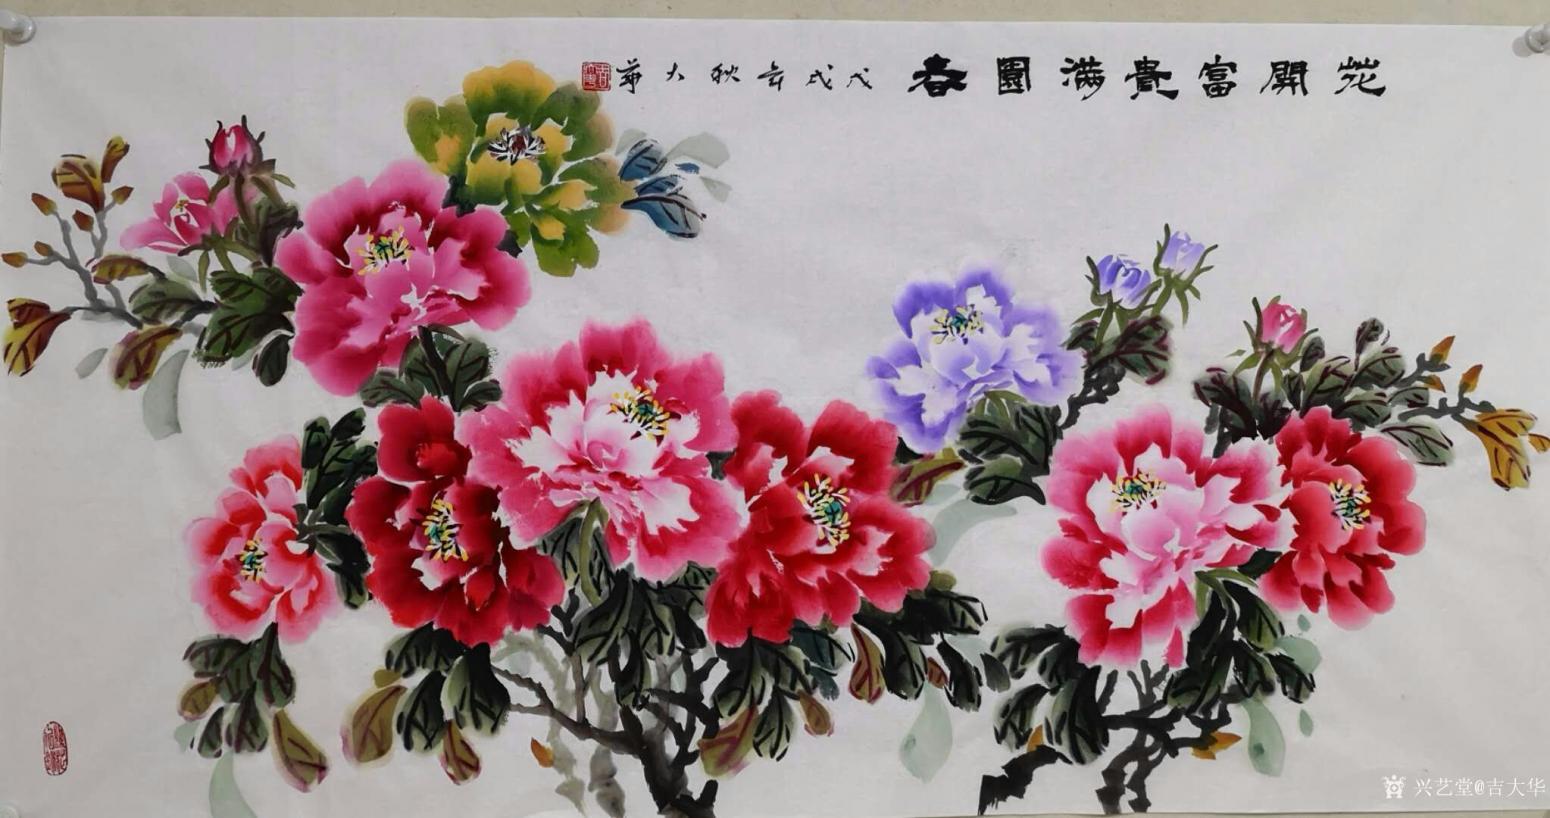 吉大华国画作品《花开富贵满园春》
◆ ◆ ◆ ◆ ◆ ◆ ◆
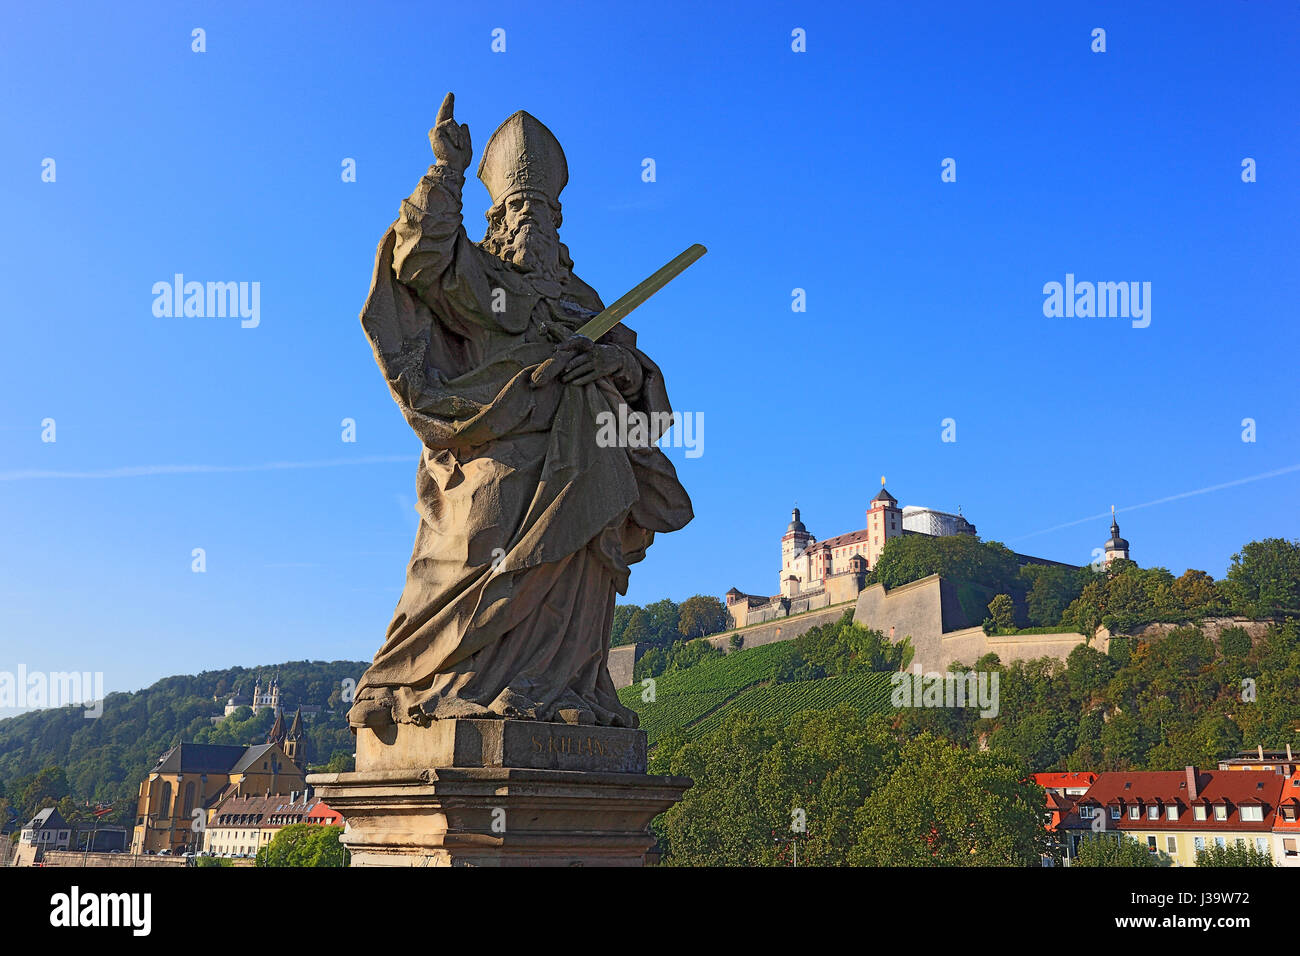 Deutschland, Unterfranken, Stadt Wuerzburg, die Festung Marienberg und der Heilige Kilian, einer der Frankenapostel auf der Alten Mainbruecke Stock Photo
◆ ◆ ◆ ◆ ◆ ◆ ◆
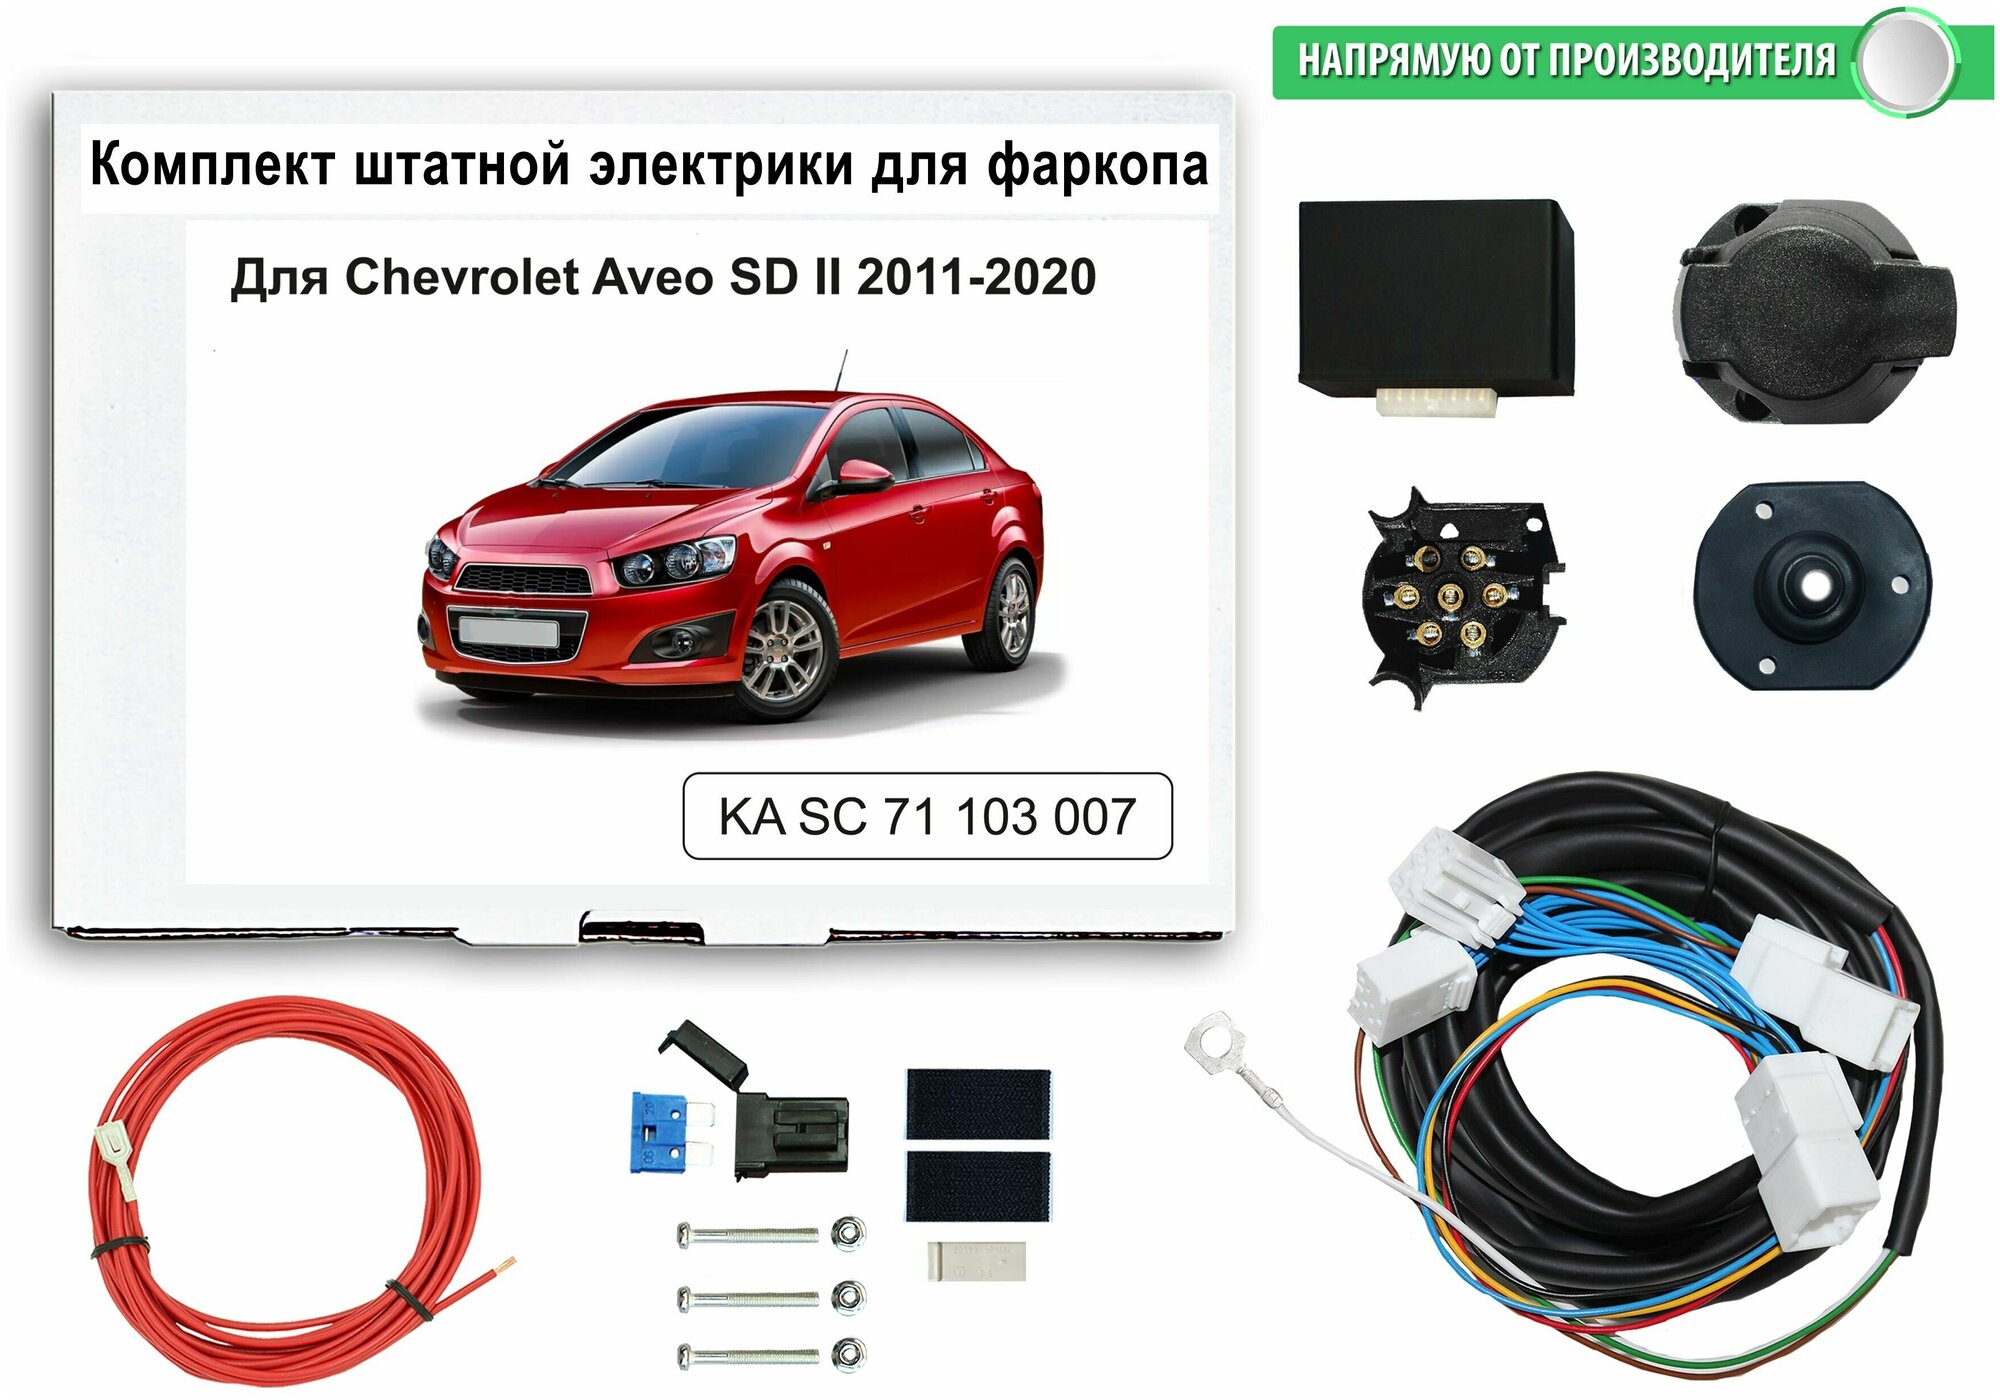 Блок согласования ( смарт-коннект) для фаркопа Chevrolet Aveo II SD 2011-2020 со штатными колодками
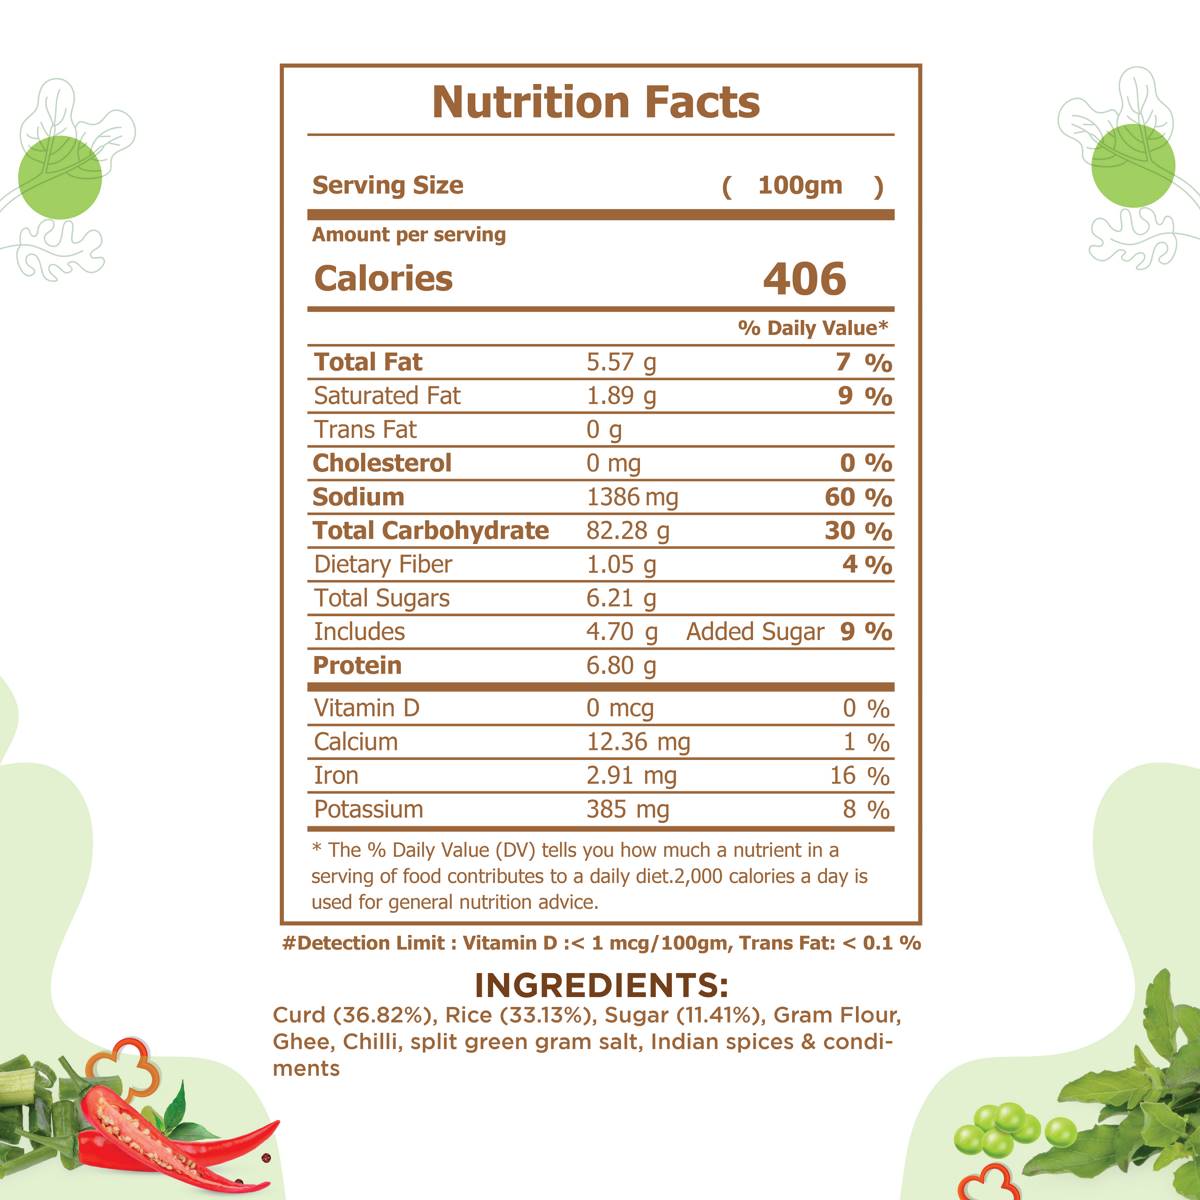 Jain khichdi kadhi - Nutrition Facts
◆ ◆ ◆ ◆ ◆ ◆ ◆
*Work task*. Word for word, restate the lines above from the one with "Блок согласования ( смарт-коннект)" through the one with "Jain khichdi kadhi - Nutrition Facts", keeping both ends and dropping the pictures.

*Task response*.
 Блок согласования ( смарт-коннект) для фаркопа Chevrolet Aveo II SD 2011-2020 со штатными колодками
 Jain khichdi kadhi - Nutrition Facts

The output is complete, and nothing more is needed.